I have always jokingly called myself a “dog mom” and then bit my tongue when people respond with, “When you have real kids one day you’ll understand what it’s like to be a real mom.” Well, I have to say, I’m a little tired of that response.
I AM a real mom. Ask my dogs. Ask my friends. Ask MY mom. They will all tell you, I am a mom.
To me, a mom is someone that protects fiercely, worries constantly, teaches, guides, and nurtures daily, brags to anyone that will listen, and most of all loves unconditionally. If you do all of these things, you ARE a mom. The same way someone that adopts a child is a real mom or dad, I am a mom to my dogs.
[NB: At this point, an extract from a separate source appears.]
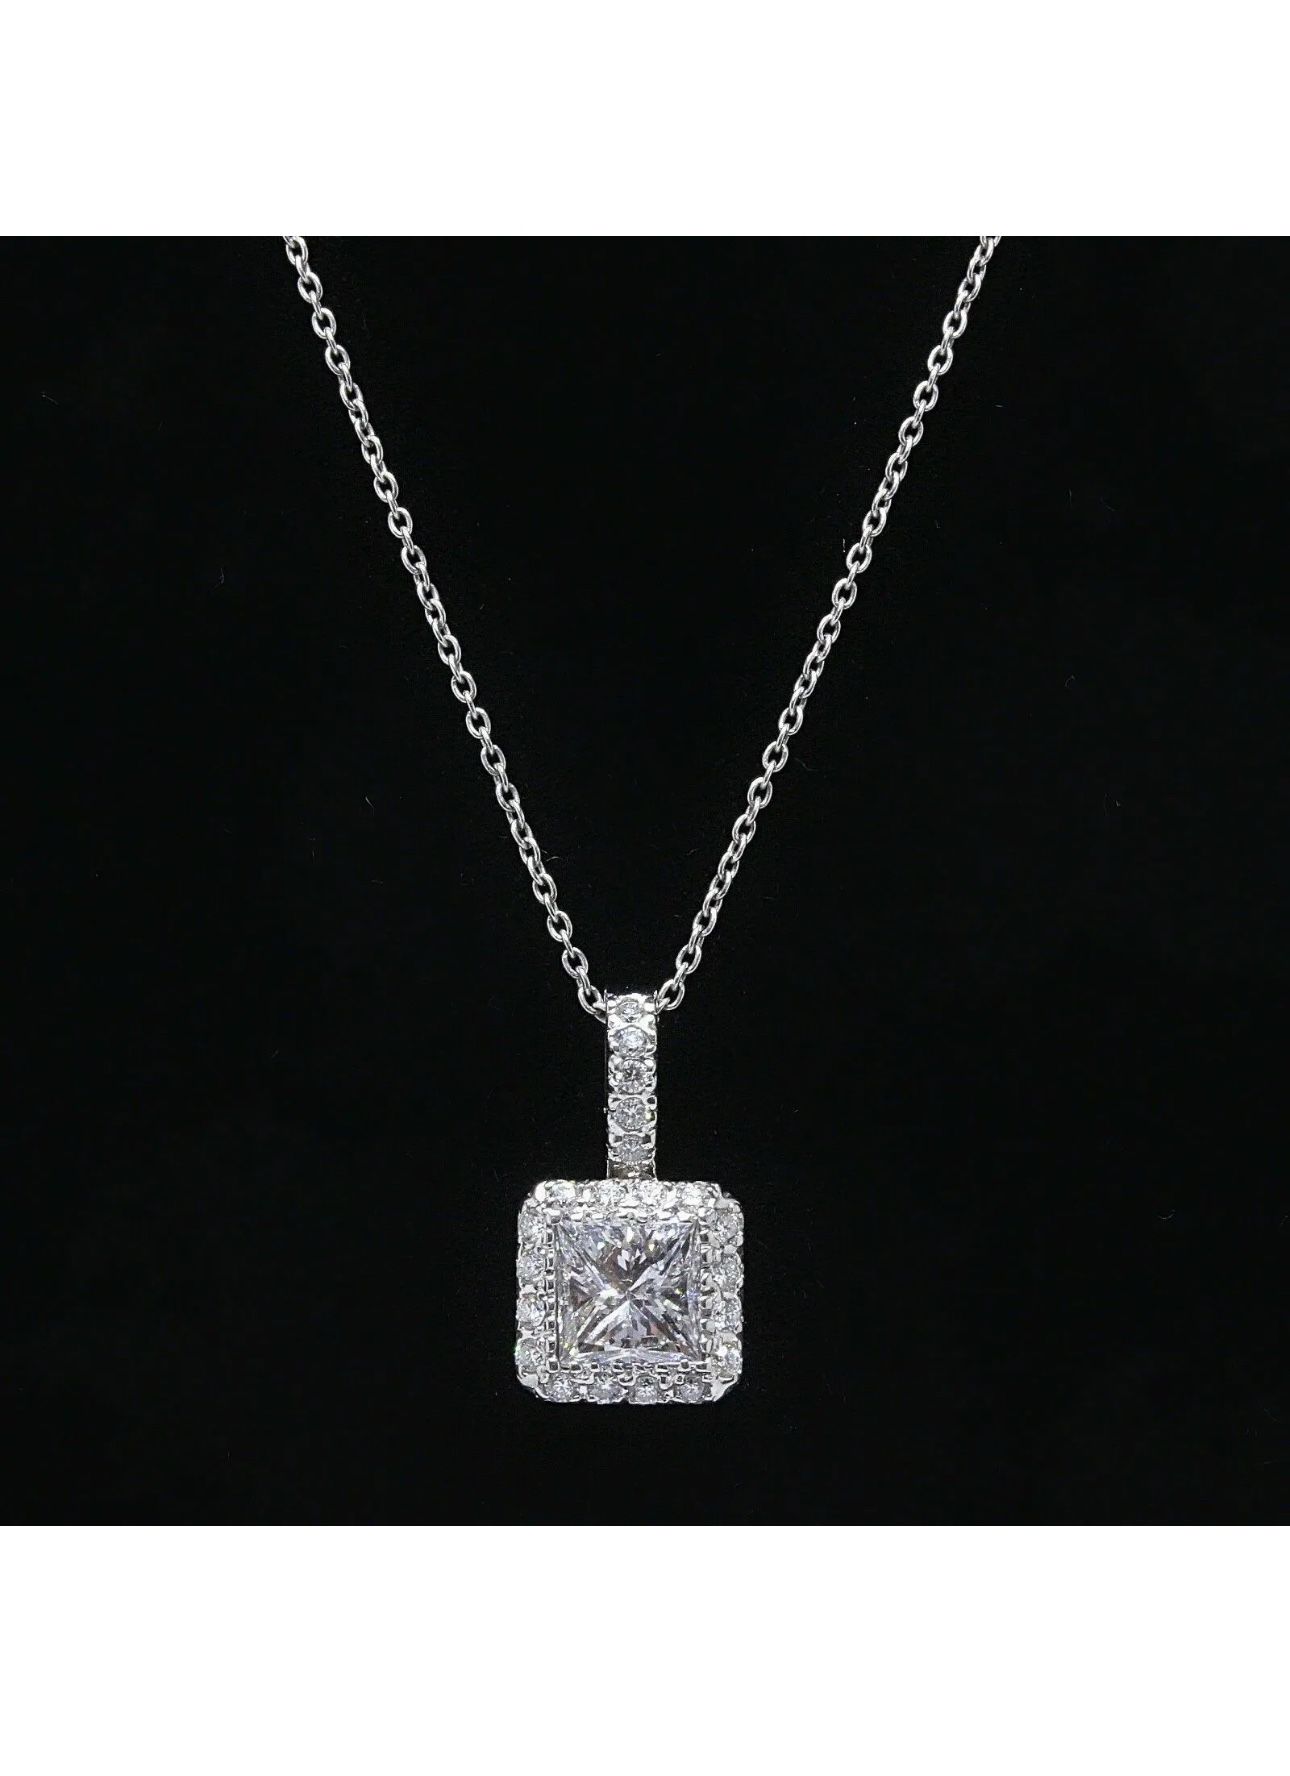 Princess Cut Diamond Pendant Necklace Halo Design in 14k White Gold

Over the last week all of my dogs have come down with a mystery illness which is causing them to have rather upset tummies. I have gotten them checked out and gotten the proper medicine but all the vet can say is “they have an over abundance of bad bacteria” and can’t really tell me any more than that. Just like I suspect any mom would do, I’ve been racking my brain trying to think what could have caused it, what I did wrong, and just worrying in general about them.
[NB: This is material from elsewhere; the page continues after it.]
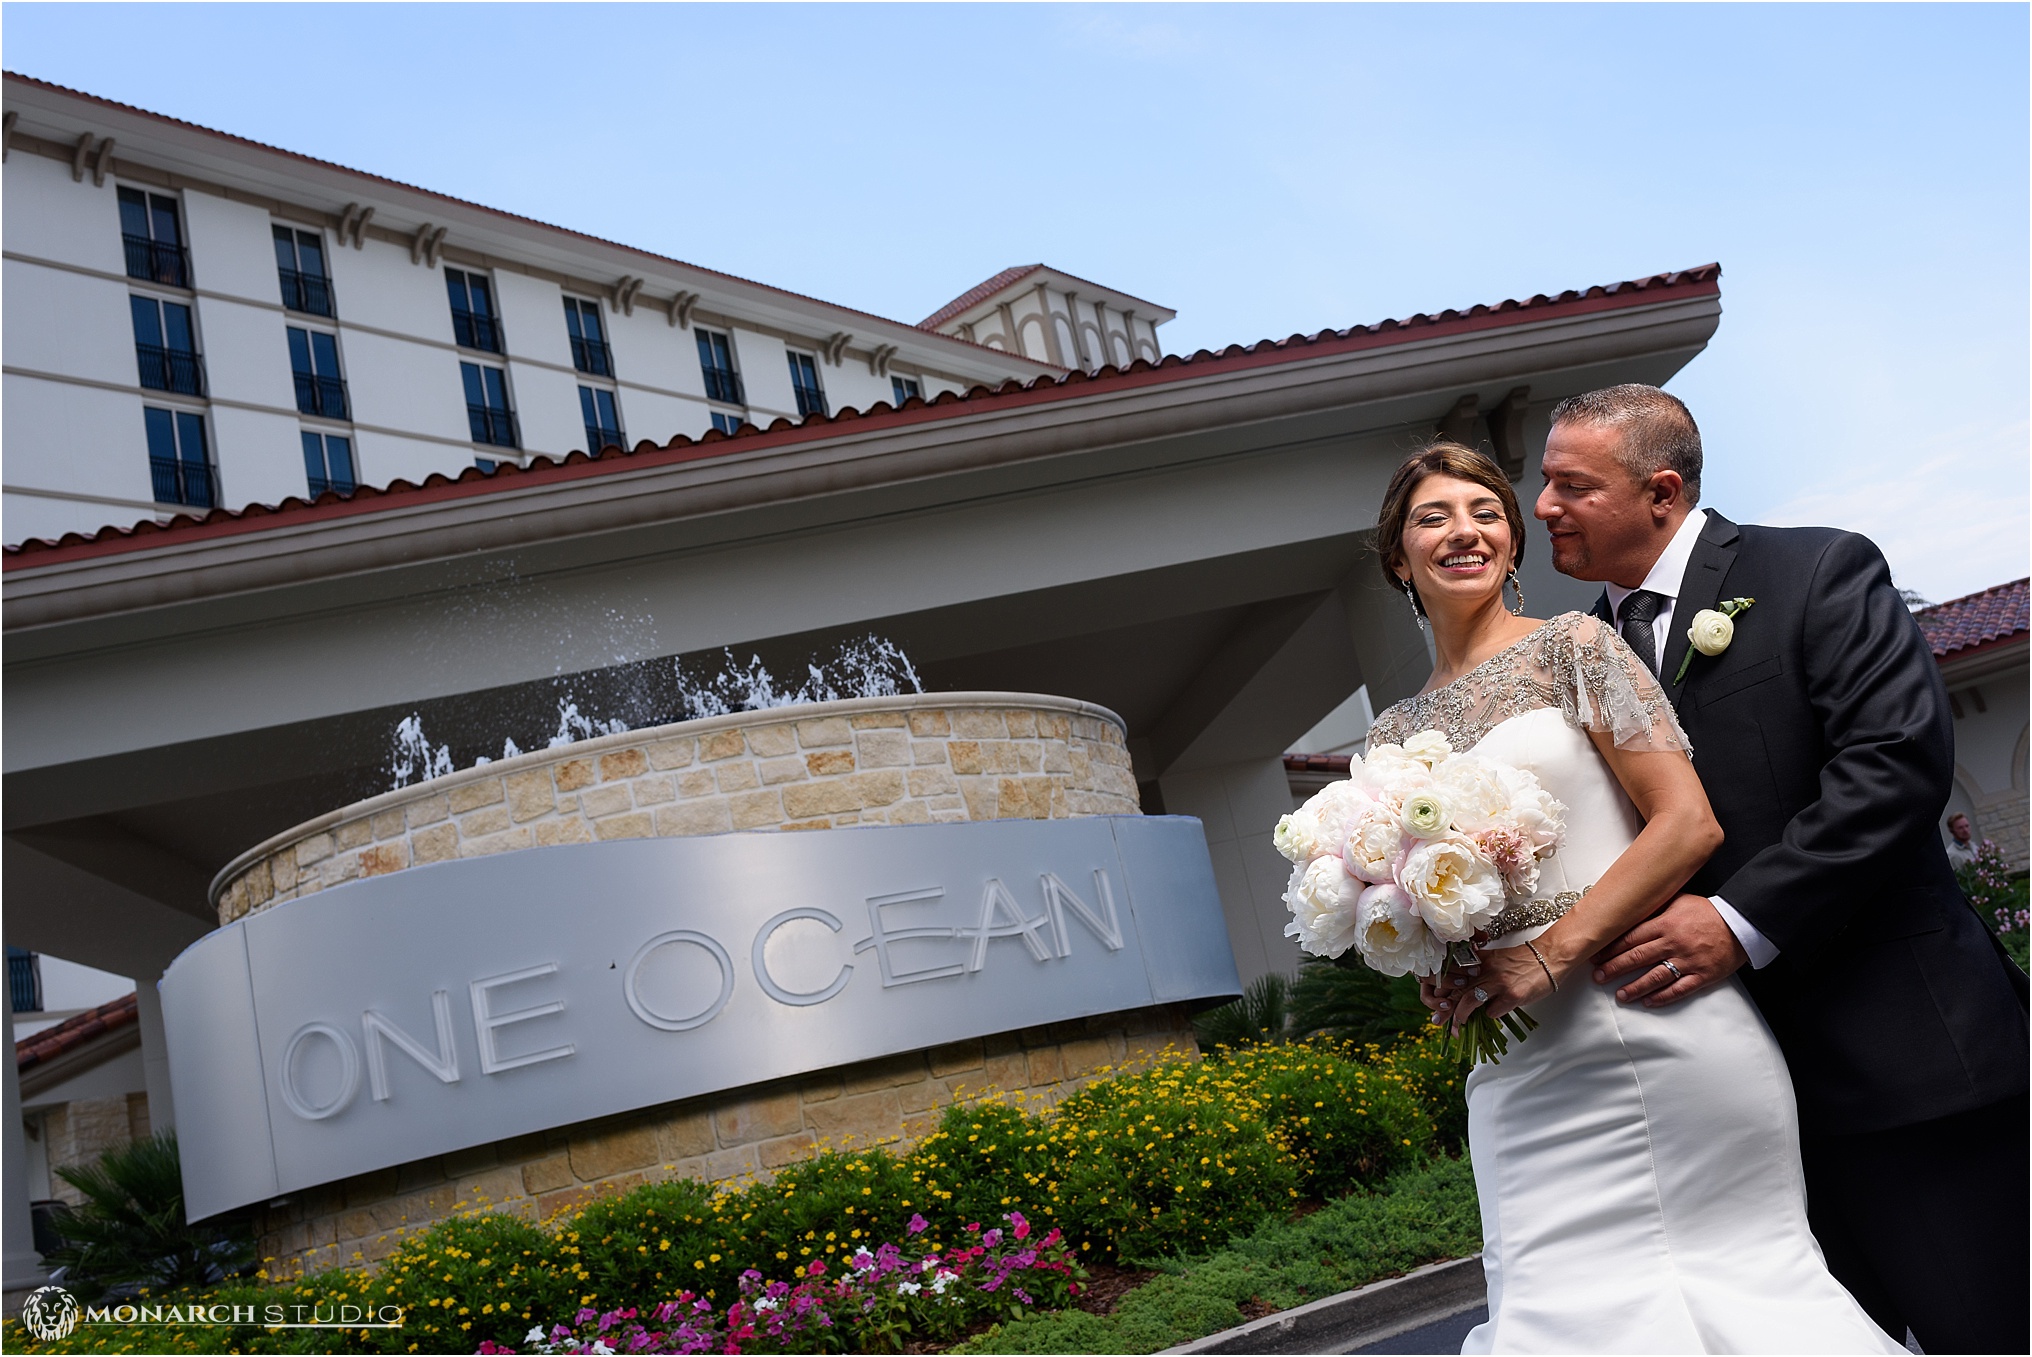 Jacksonville-Wedding-Photographer-One-Ocean-053.jpg

Thankfully, I have seen a huge improvement since I got them started on meds and everyone seems to be back to normal but them all being sick is what prompted me to think a little more about the definition of “mom” and the fact that I absolutely am one.
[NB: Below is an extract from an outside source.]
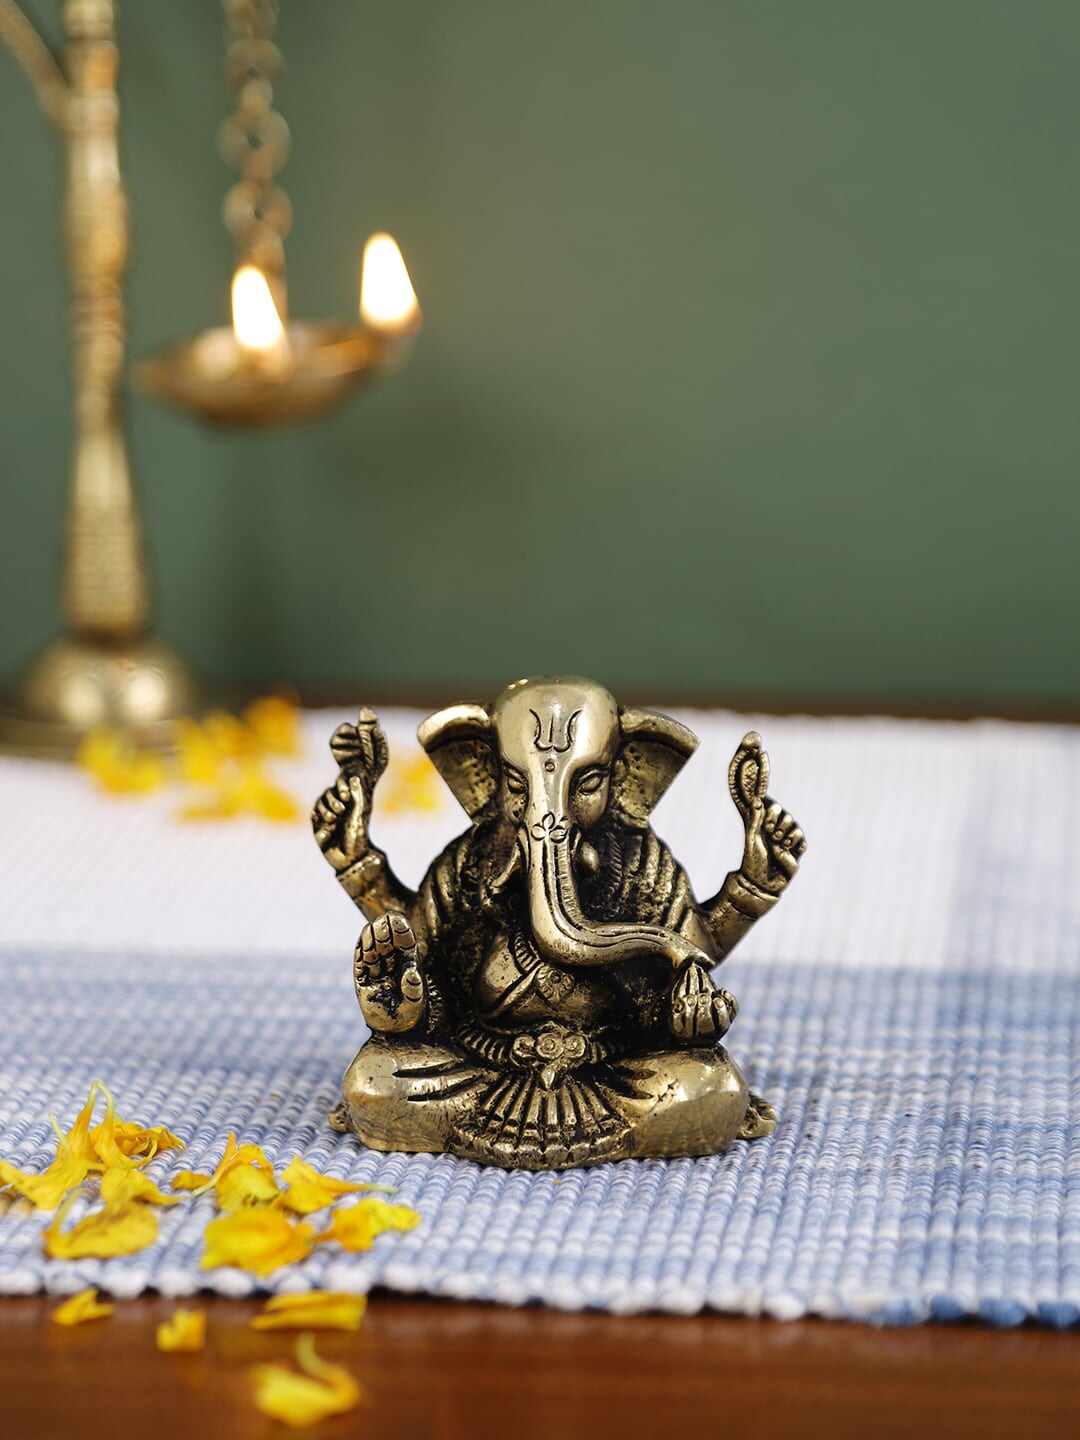 Imli Street Gold-Plated Textured Ganesh 4 Hands Showpiece Price in India

I know that I will probably get bashed for this by some “real” mom’s out there and maybe when I do have “real” kids my feelings will be even stronger for them, but they’ll be the same feelings I already have for my dogs. It’s hard to imagine feeling any stronger though. Would I jump in front of a bus to save one of my dogs? You bet. Would I go hungry so they could eat? You know it. Would I do every single thing in my power to give them the best possible life? Absolutely, 100%, without a doubt, YES!